▶ Dataset content:
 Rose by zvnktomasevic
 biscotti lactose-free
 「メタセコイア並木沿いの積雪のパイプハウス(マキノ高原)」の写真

▶ Work to be completed:
All of the material above needs to be retyped word for word.

▶ Exercise solution:
 Rose by zvnktomasevic
 biscotti lactose-free
 「メタセコイア並木沿いの積雪のパイプハウス(マキノ高原)」の写真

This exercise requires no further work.